## EXERCISE OBJECTIVE
Type the listing below out again exactly. No images.

## DATA SHOWN
Segment Open

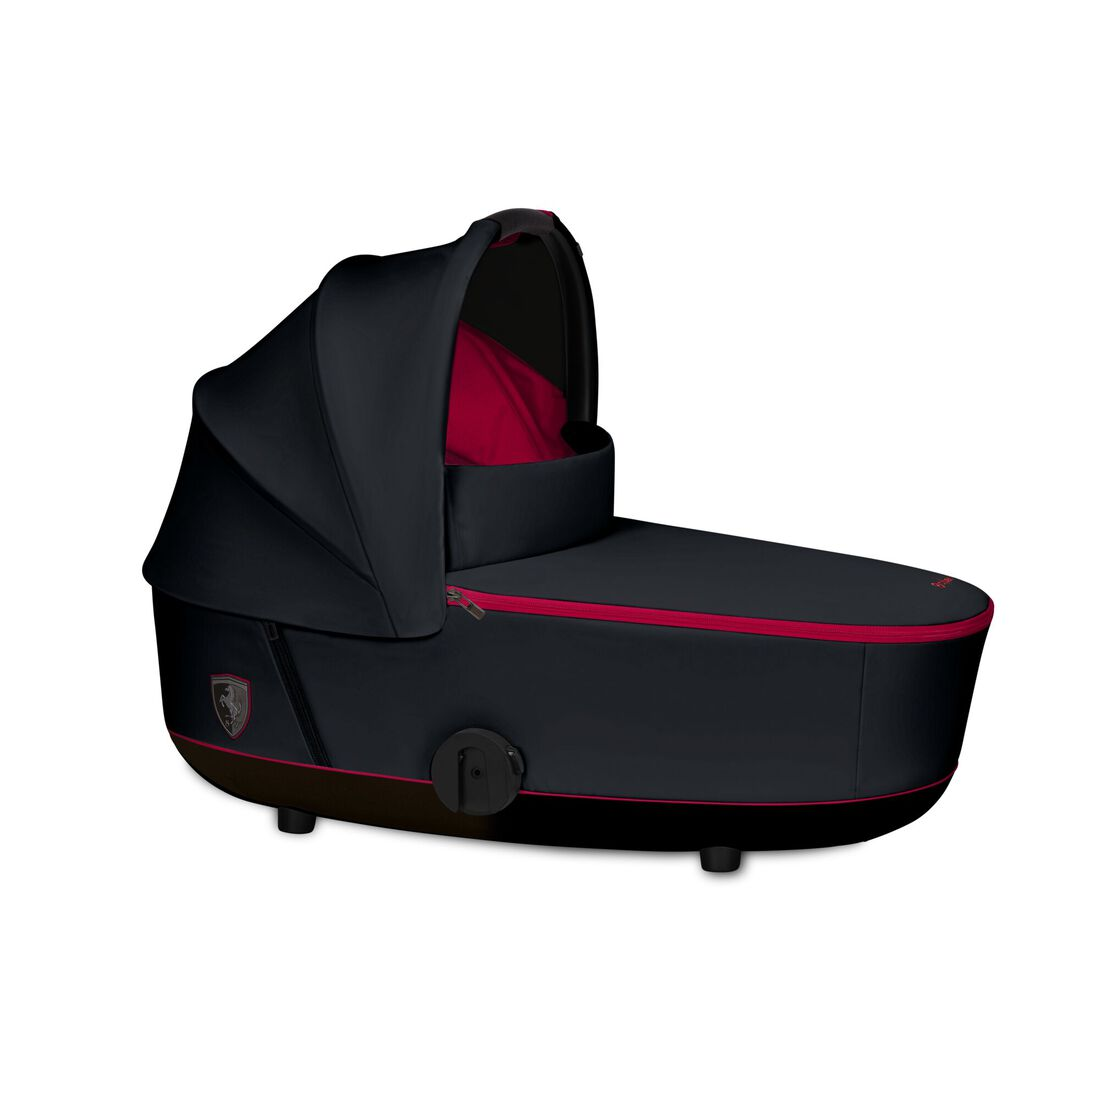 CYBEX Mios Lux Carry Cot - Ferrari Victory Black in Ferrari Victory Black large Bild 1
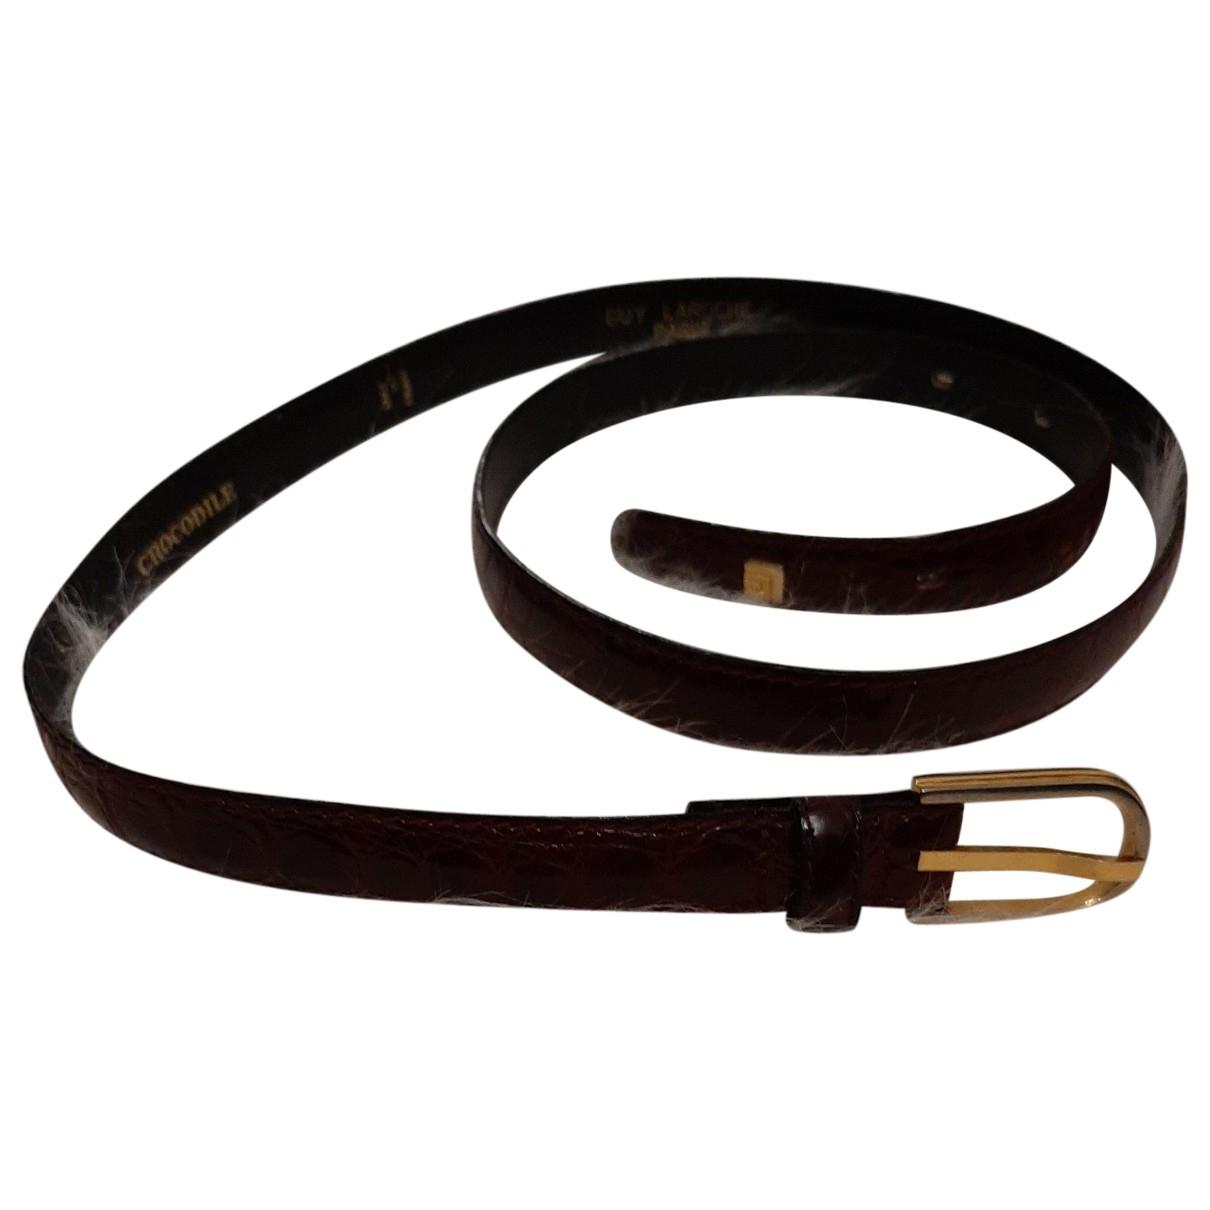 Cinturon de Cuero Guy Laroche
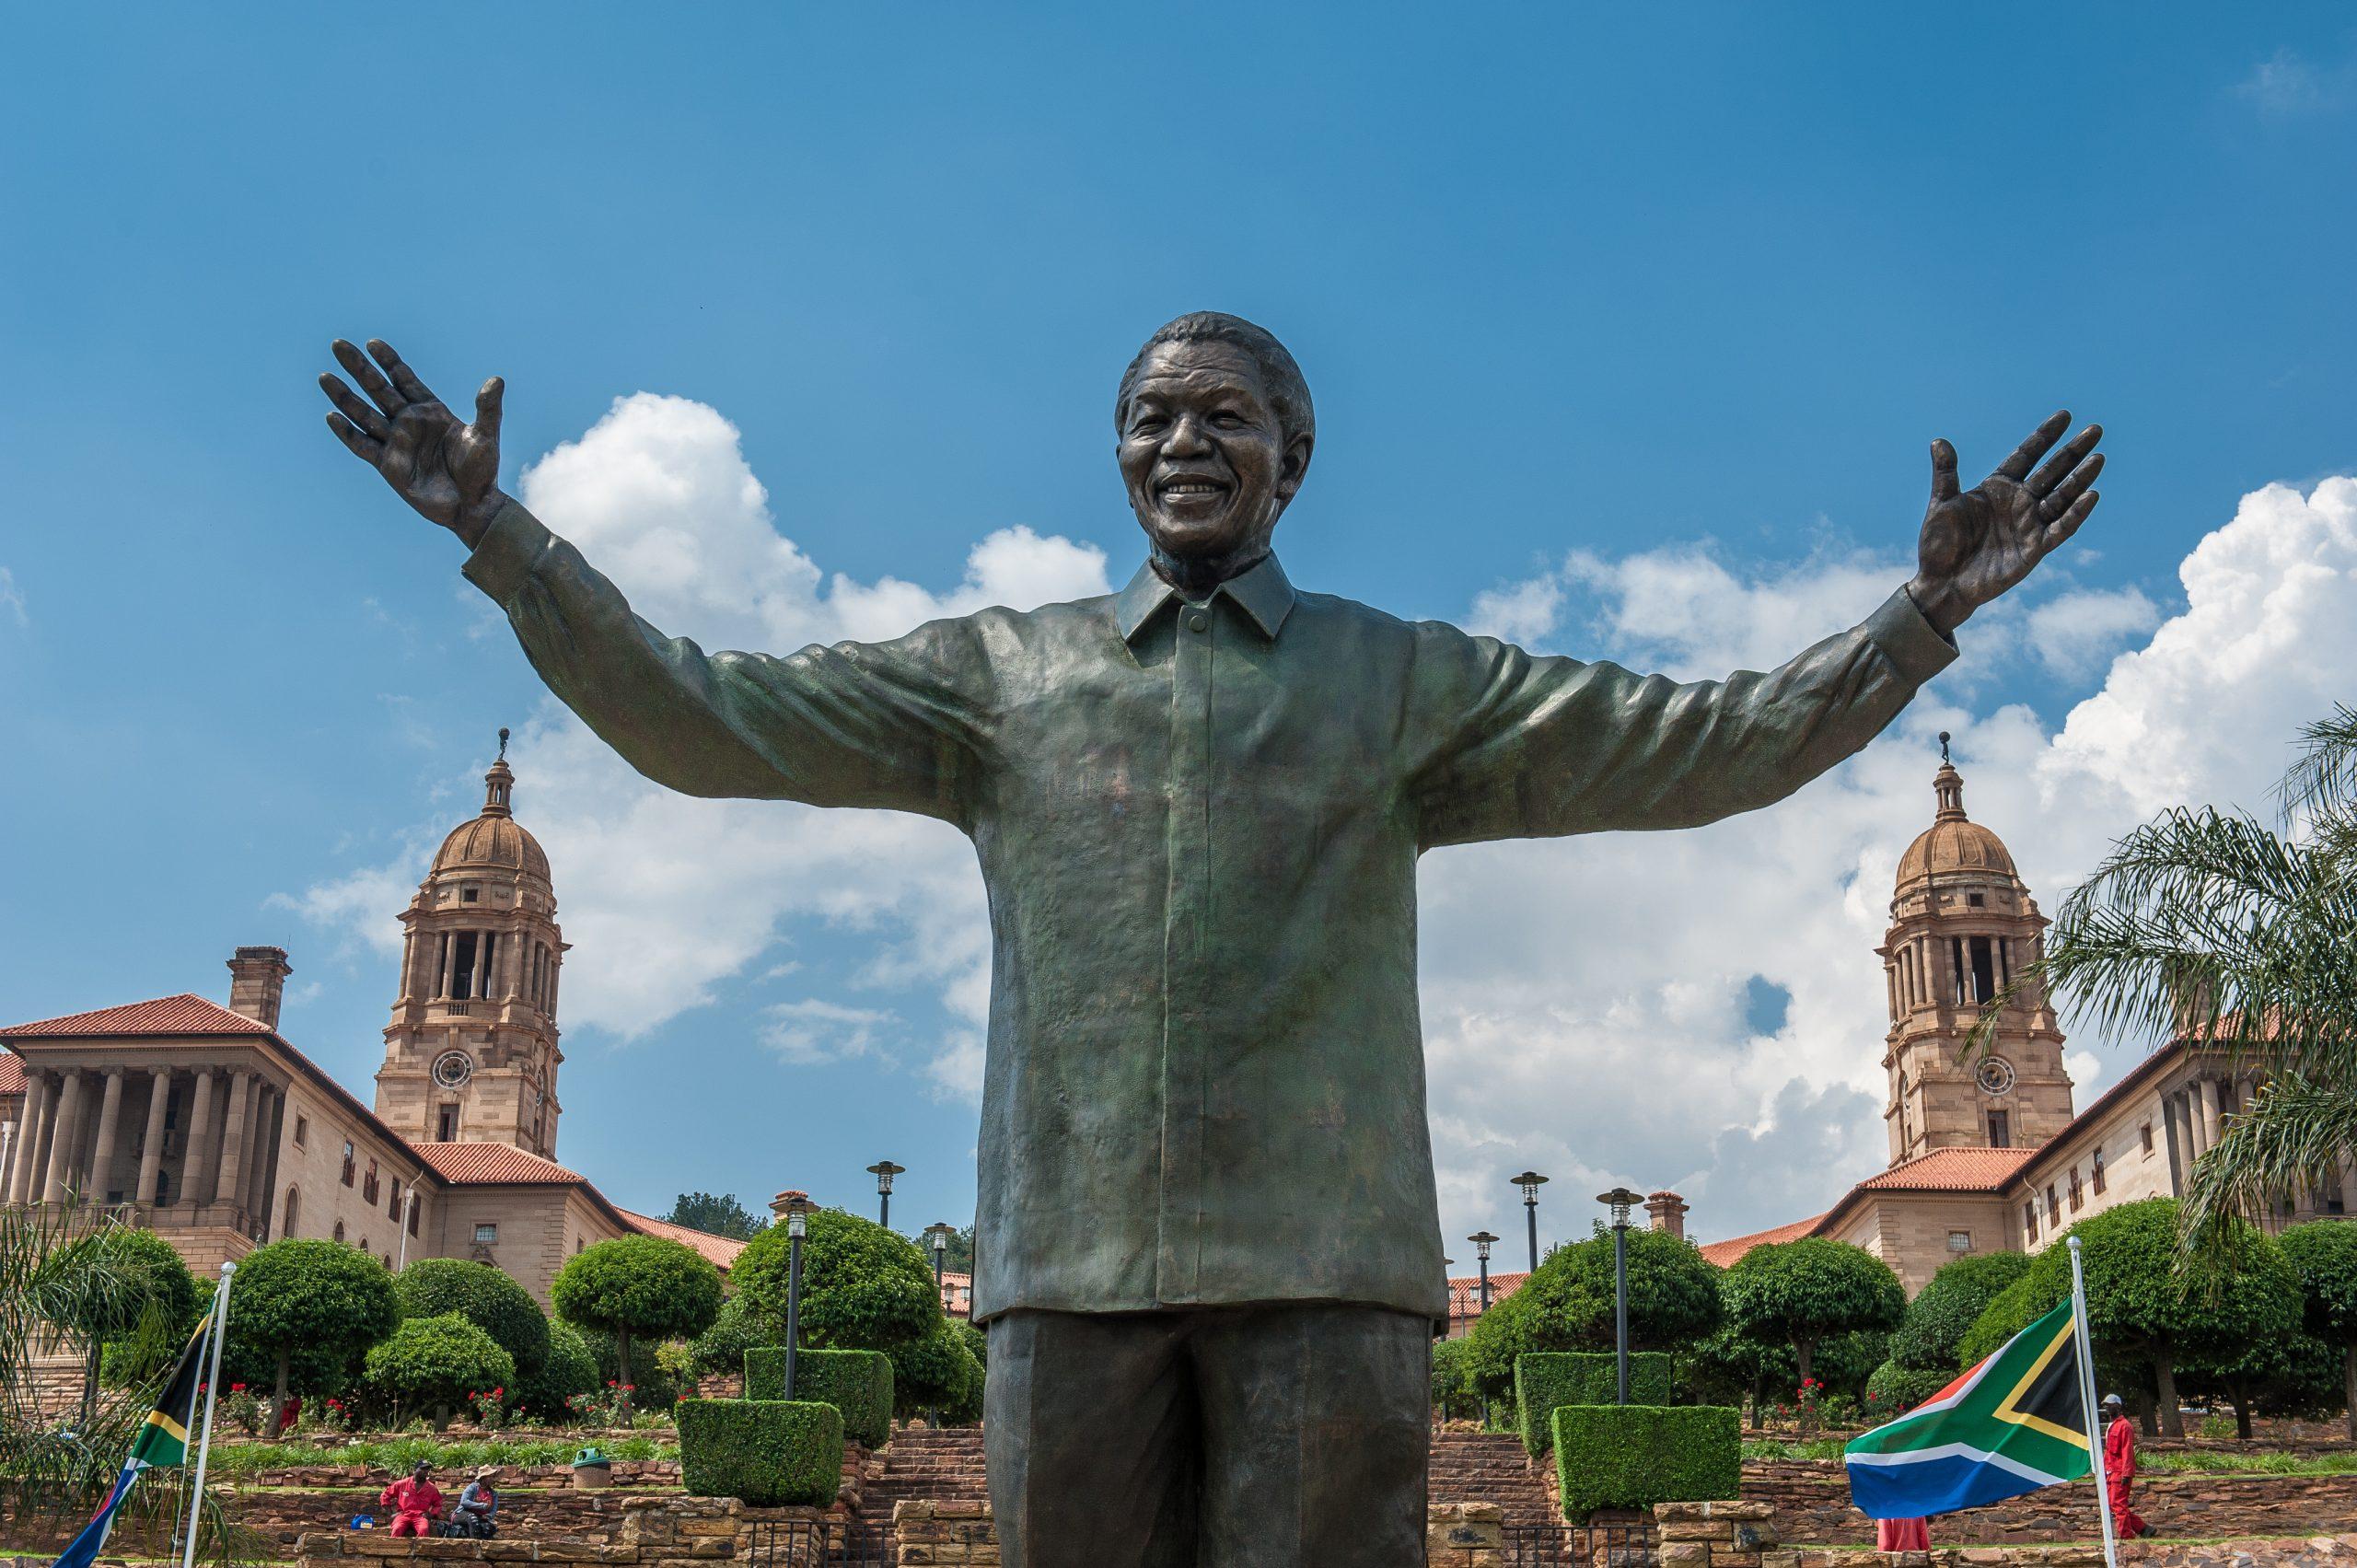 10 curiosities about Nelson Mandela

Segment Closed

## EXERCISE RESPONSE
 CYBEX Mios Lux Carry Cot - Ferrari Victory Black in Ferrari Victory Black large Bild 1
 Cinturon de Cuero Guy Laroche
 10 curiosities about Nelson Mandela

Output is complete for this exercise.